None of these protesters discuss the effects of 2 billion Chinese, Indian, Korean, and Japanese workers’ entering and mastering the globalized capitalist system, and making things more cheaply and sometimes better than their Western counterparts.

None of these protesters ever stop to ponder the costs — and ultimately the effect on their own lifestyles — of skyrocketing energy costs. Since 1970 there has been a historic, multitrillion-dollar transfer of capital from the West to the Middle East, South America, Africa, and Russia through the importation of high-cost oil and gas.
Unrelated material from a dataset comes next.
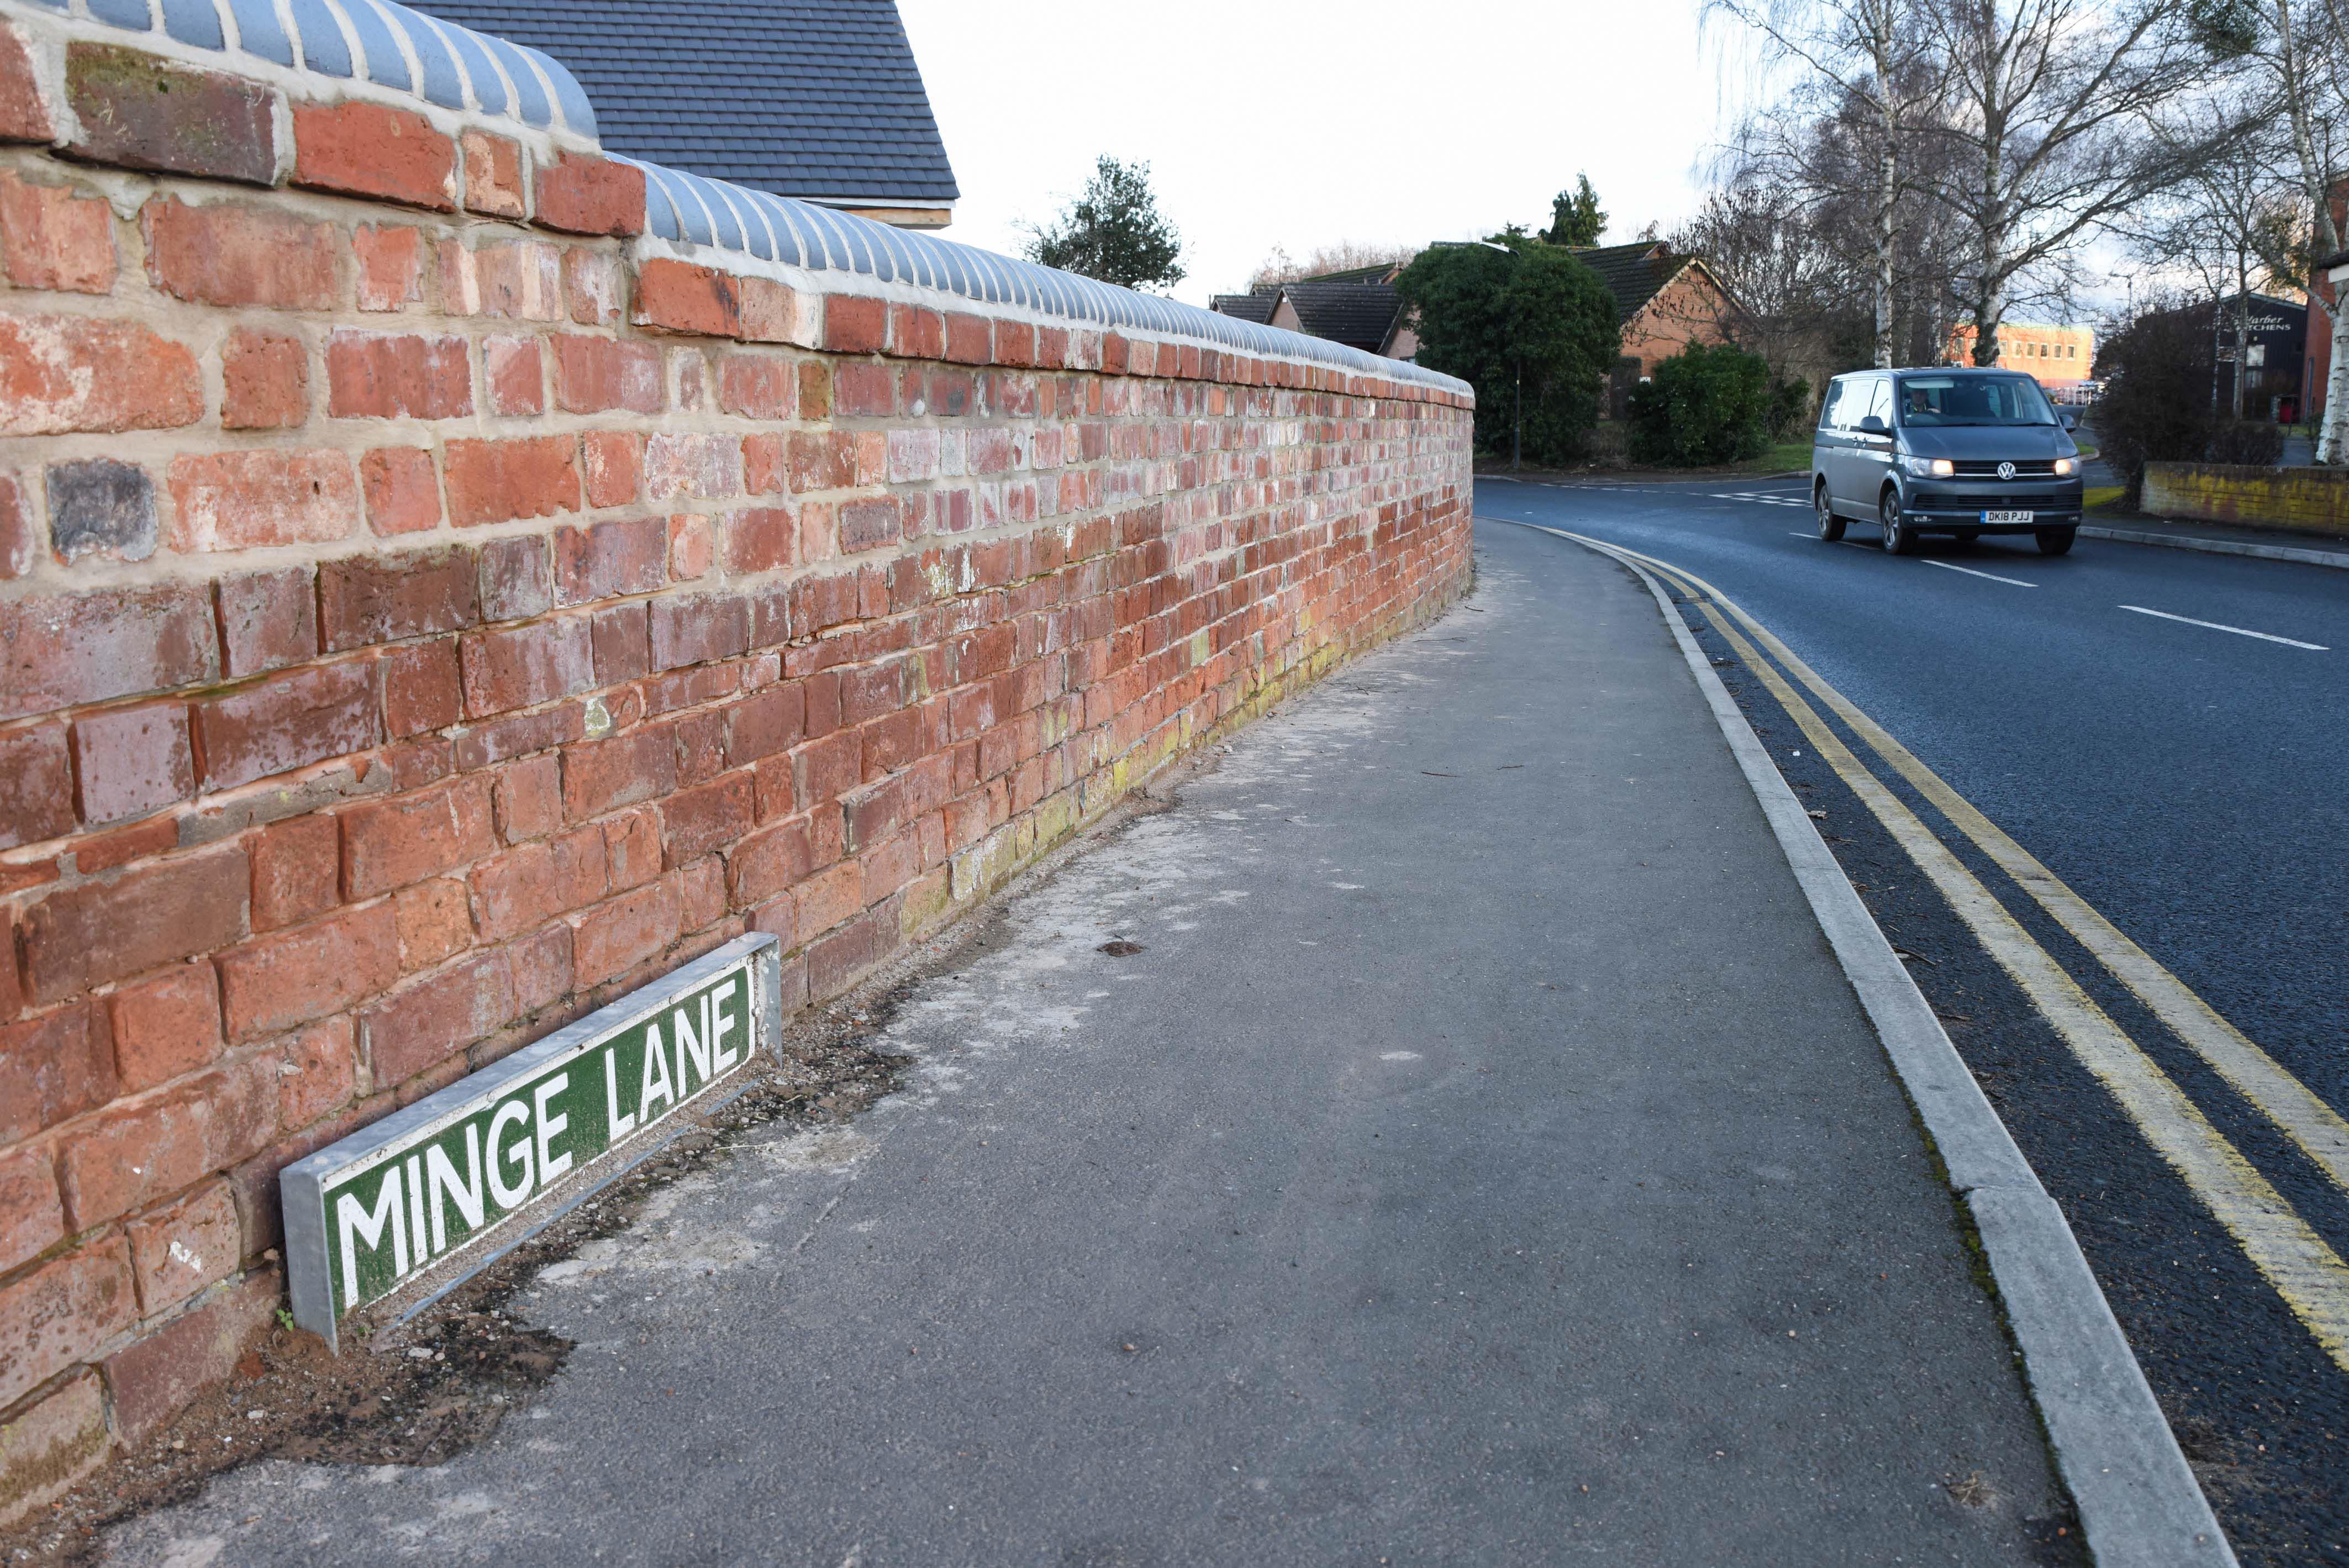 Minge Lane in Upton-upon-Severn. Credit: Caters

None seem to grasp the significance of the fact that, meanwhile, hundreds of millions of Westerners were living longer and better, retiring earlier, and demanding ever more expensive government pensions and health care.

Something had to give.

And now it has.

I don't think I quite buy that the protests are symptoms of economic anxiety.   I think the protests are closer to being a pure sign of decadence -- bored young people with little in their lives to interest them (no children, no real work, no adult involvements in their communities or churches) adopt protesting as something fun and exciting to do, something they can tell themselves is somehow important.   They're not really risking anything; they don't expect any serious consequences; it's just a lark in the end.  But Hanson has identified clearly what has brought the larger civilization to this point, teetering on the edge of a long, discontented stagnation and potential decline.  

In other words, the OWS protests are a sideshow; the Eurozone and American debt debacles are high-wire act where finance ministers are working without a net in a death-defying act.  Death-defying, that is, at least until now.